> [Provided entries]
- Opening Delimiter -

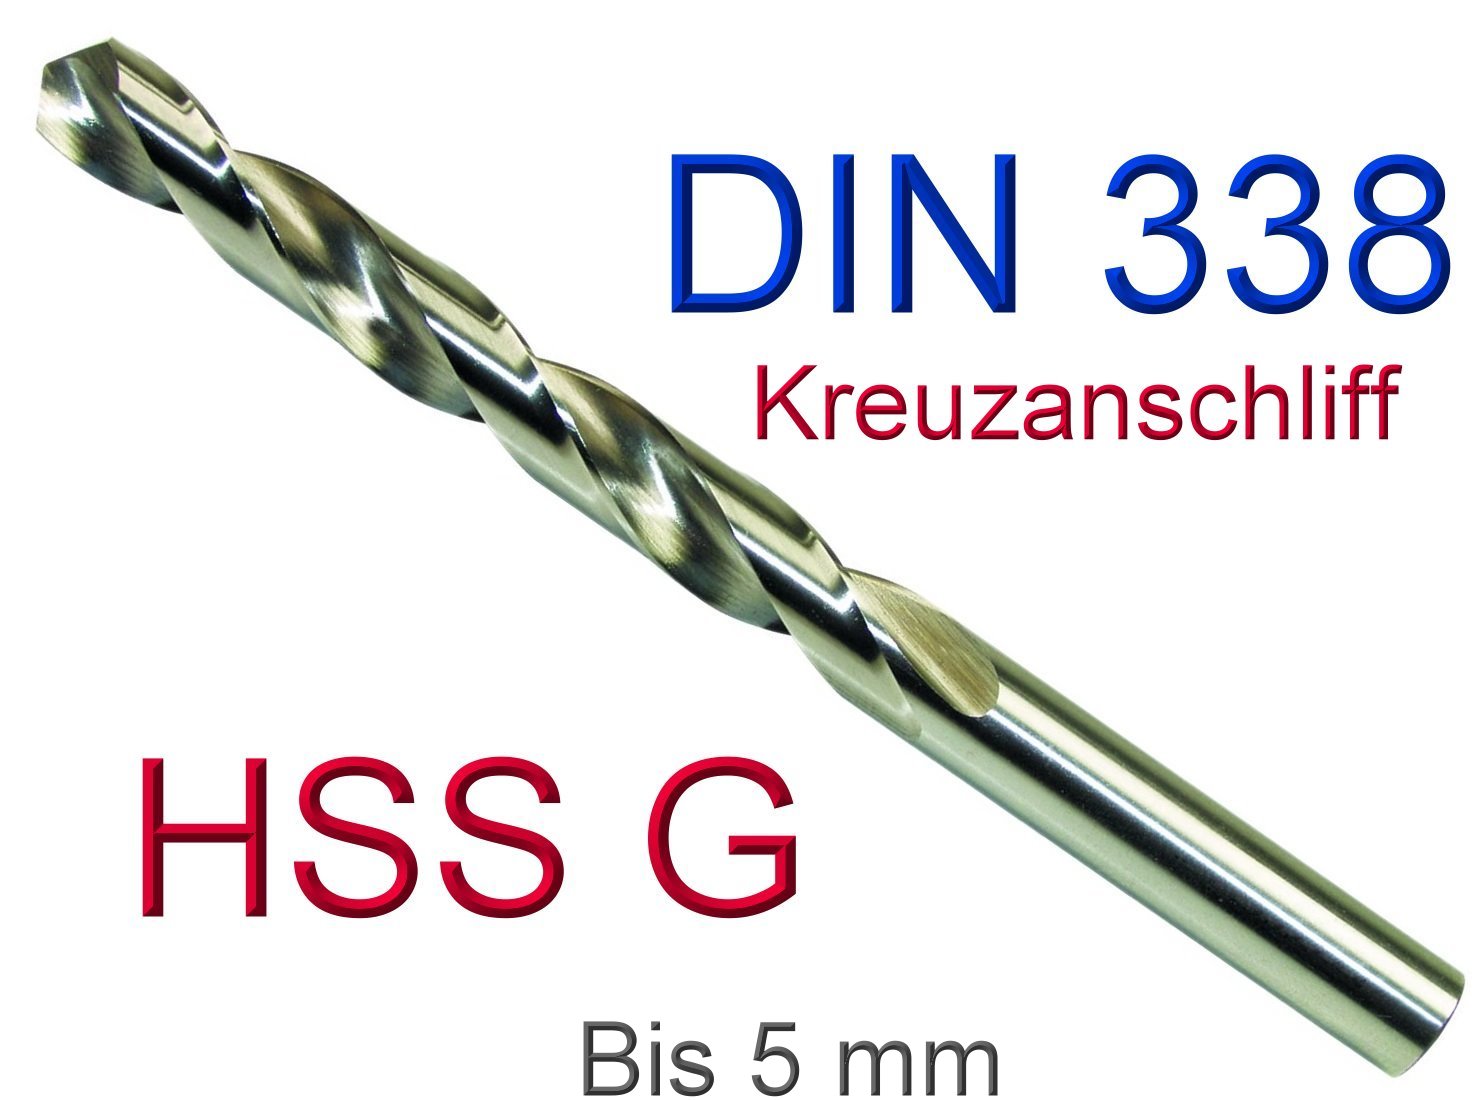 Bohrcraft Spiralbohrer DIN 338 HSS-G Split Point Typ U-TL 11250300150 10 Stück 1,5 mm in BC-QuadroPack Profi Plus 
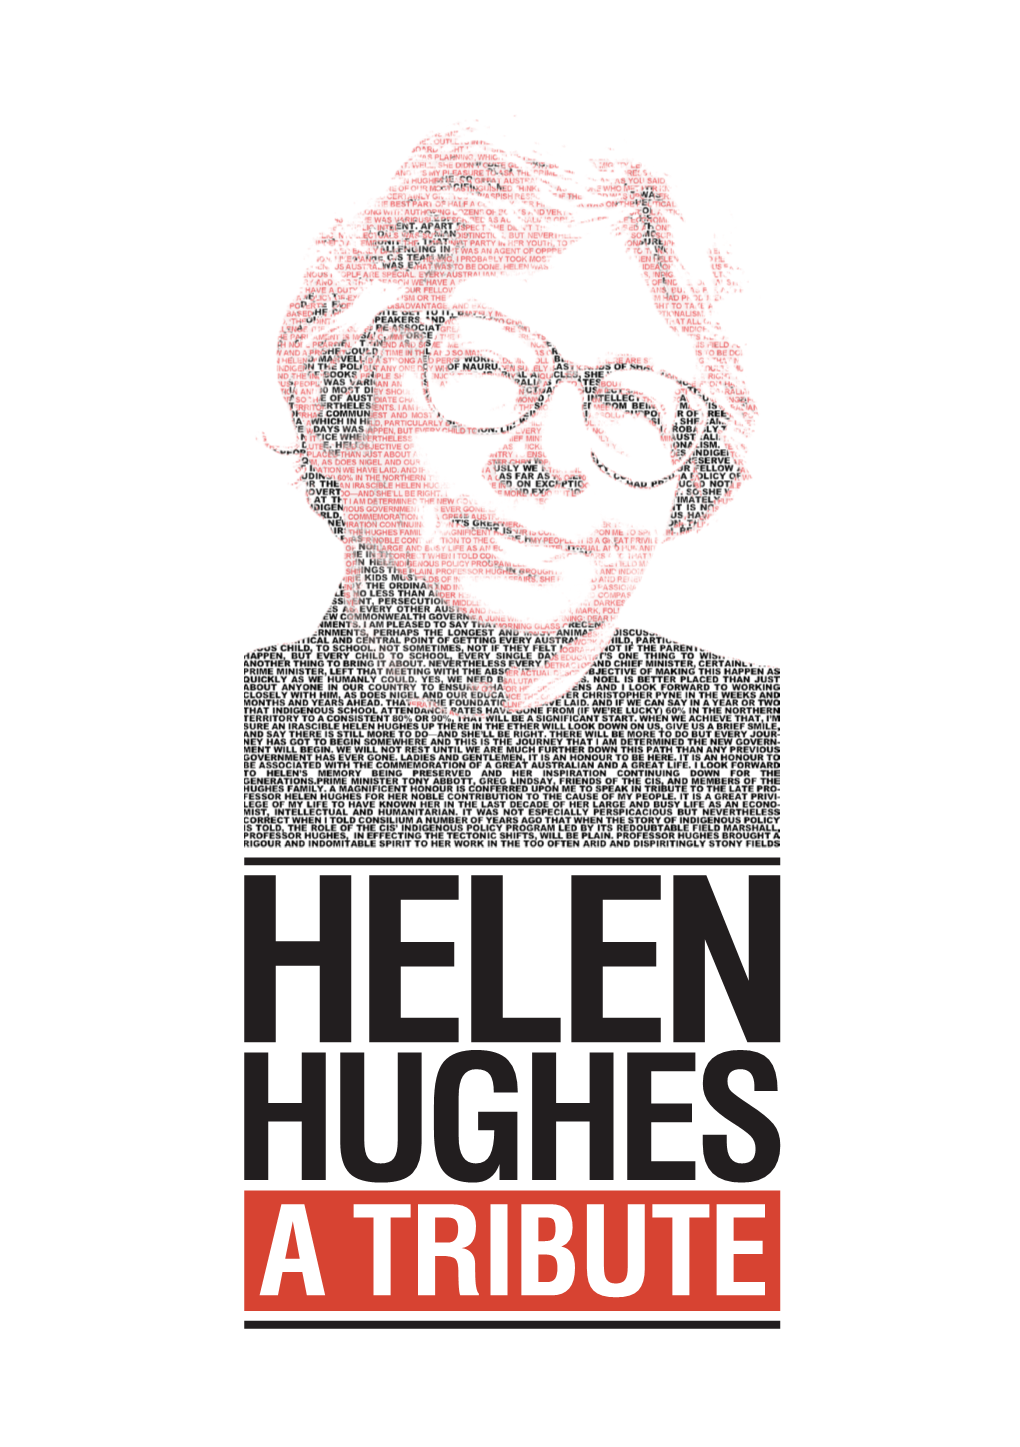 Helen Hughes AO (1 October 1928 – 15 June 2013)
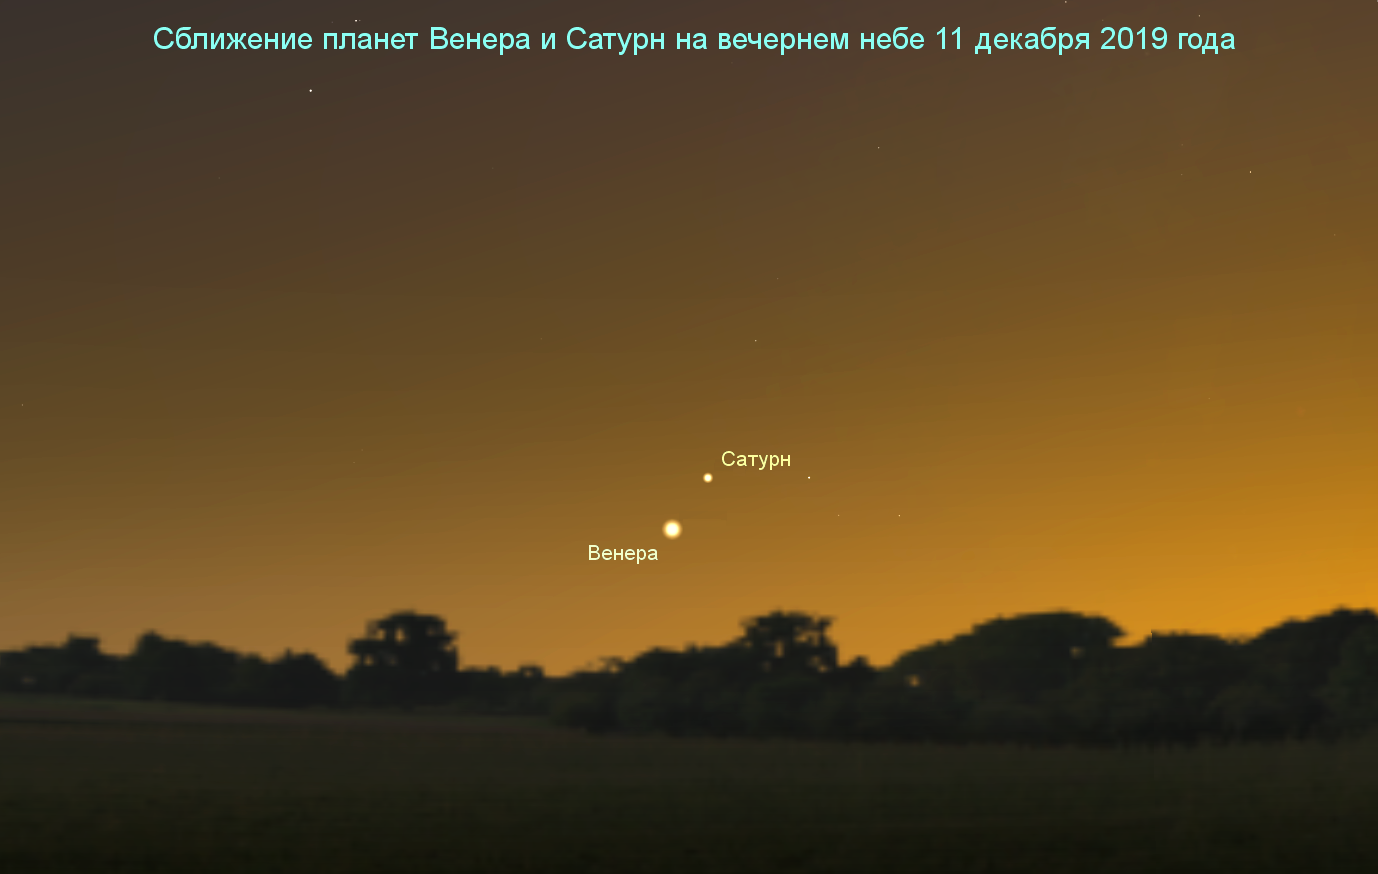 Сближение планеты Венера и планеты Сатурн на вечернем небе 11 декабря 2019 года
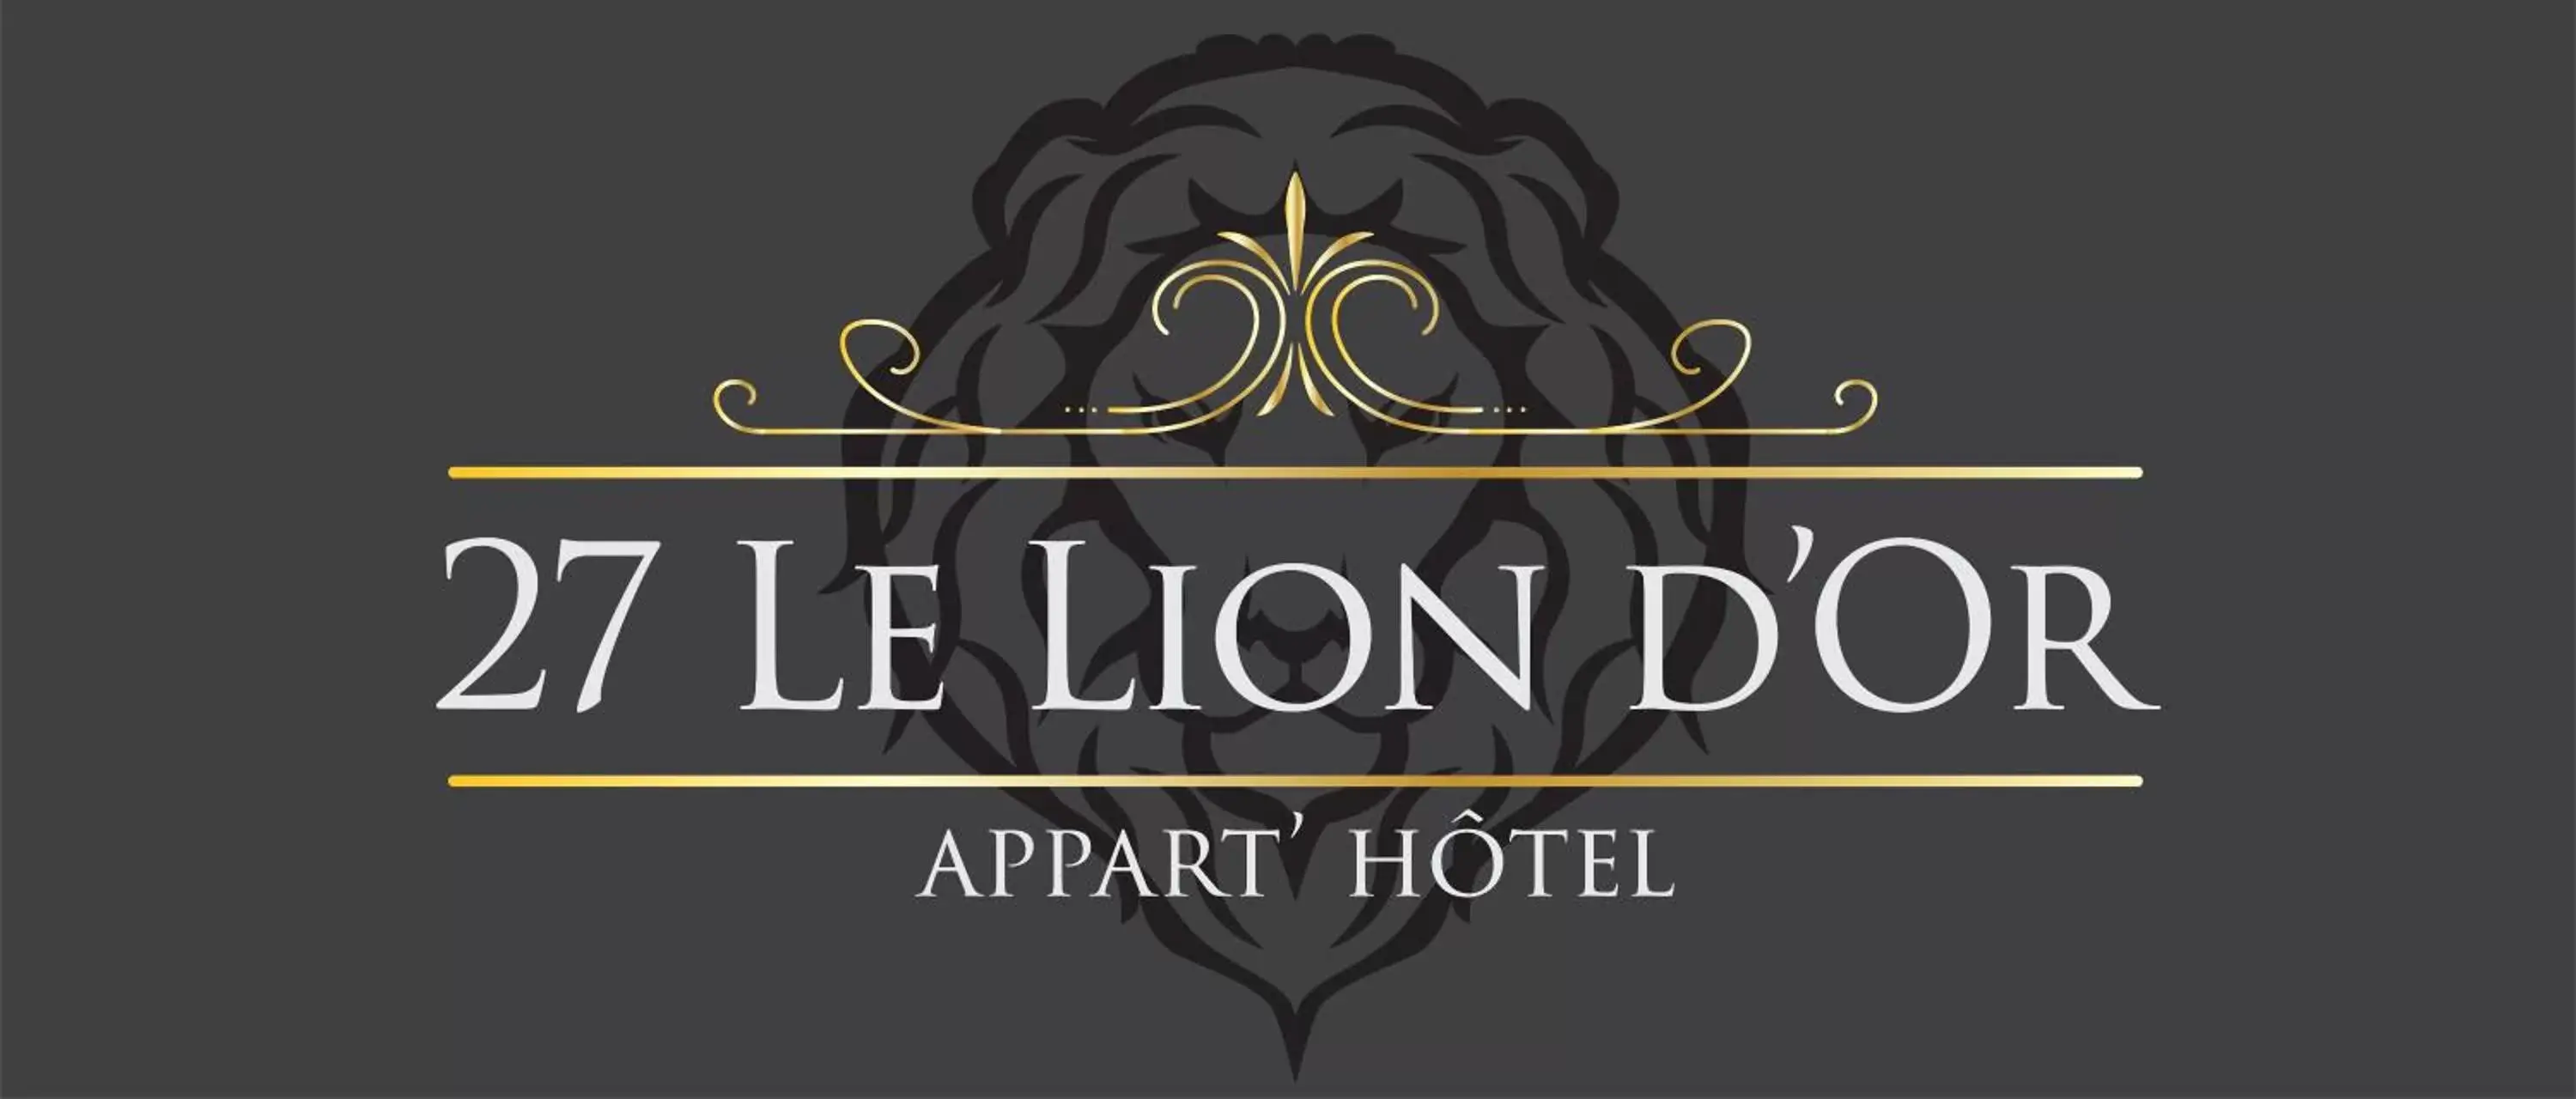 Property Logo/Sign in Appart'hôtel 27 le lion d'or
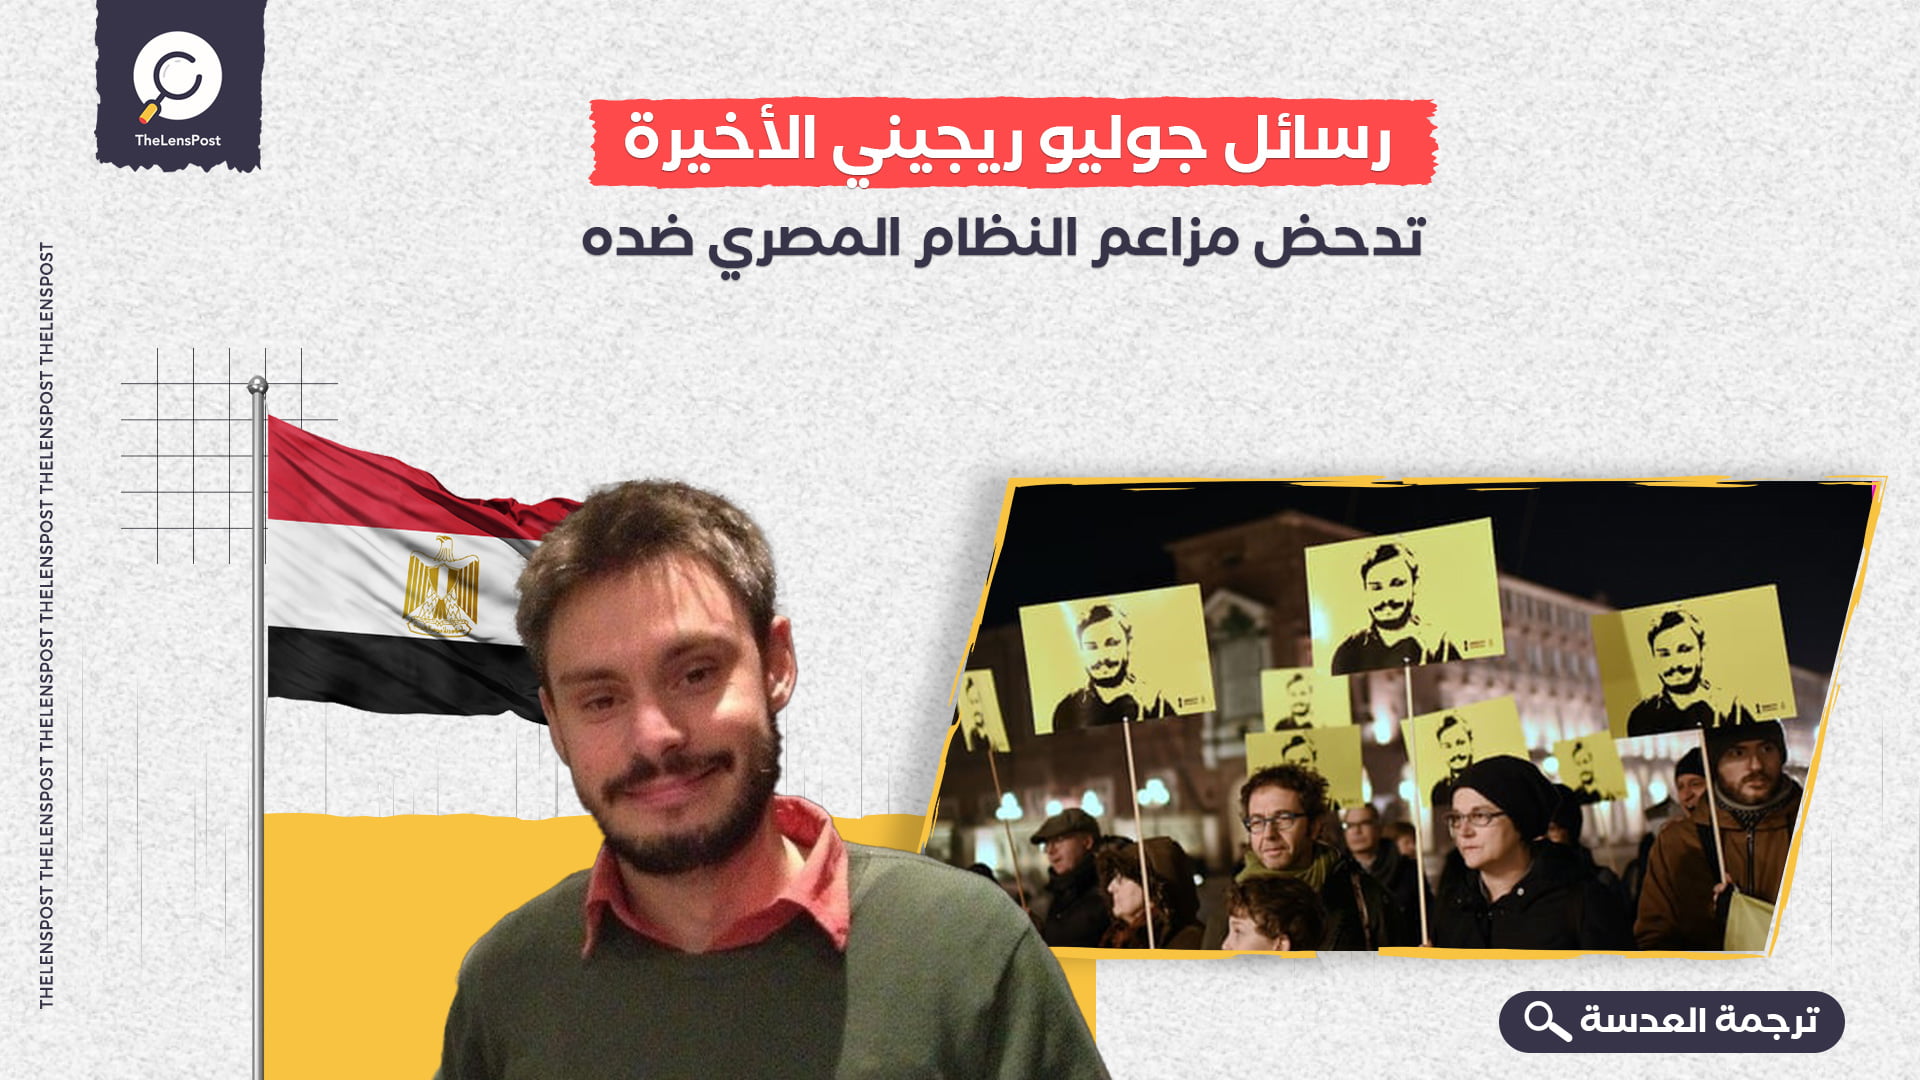 رسائل جوليو ريجيني الأخيرة تدحض مزاعم النظام المصري ضده

- Closing Delimiter -

> [What you have to do] Quote each record exactly as it stands, minus the pictures.

> [Response to the exercise]
 Bohrcraft Spiralbohrer DIN 338 HSS-G Split Point Typ U-TL 11250300150 10 Stück 1,5 mm in BC-QuadroPack Profi Plus 
 Helen Hughes AO (1 October 1928 – 15 June 2013)
 Сближение планеты Венера и планеты Сатурн на вечернем небе 11 декабря 2019 года
 Property Logo/Sign in Appart'hôtel 27 le lion d'or
 رسائل جوليو ريجيني الأخيرة تدحض مزاعم النظام المصري ضده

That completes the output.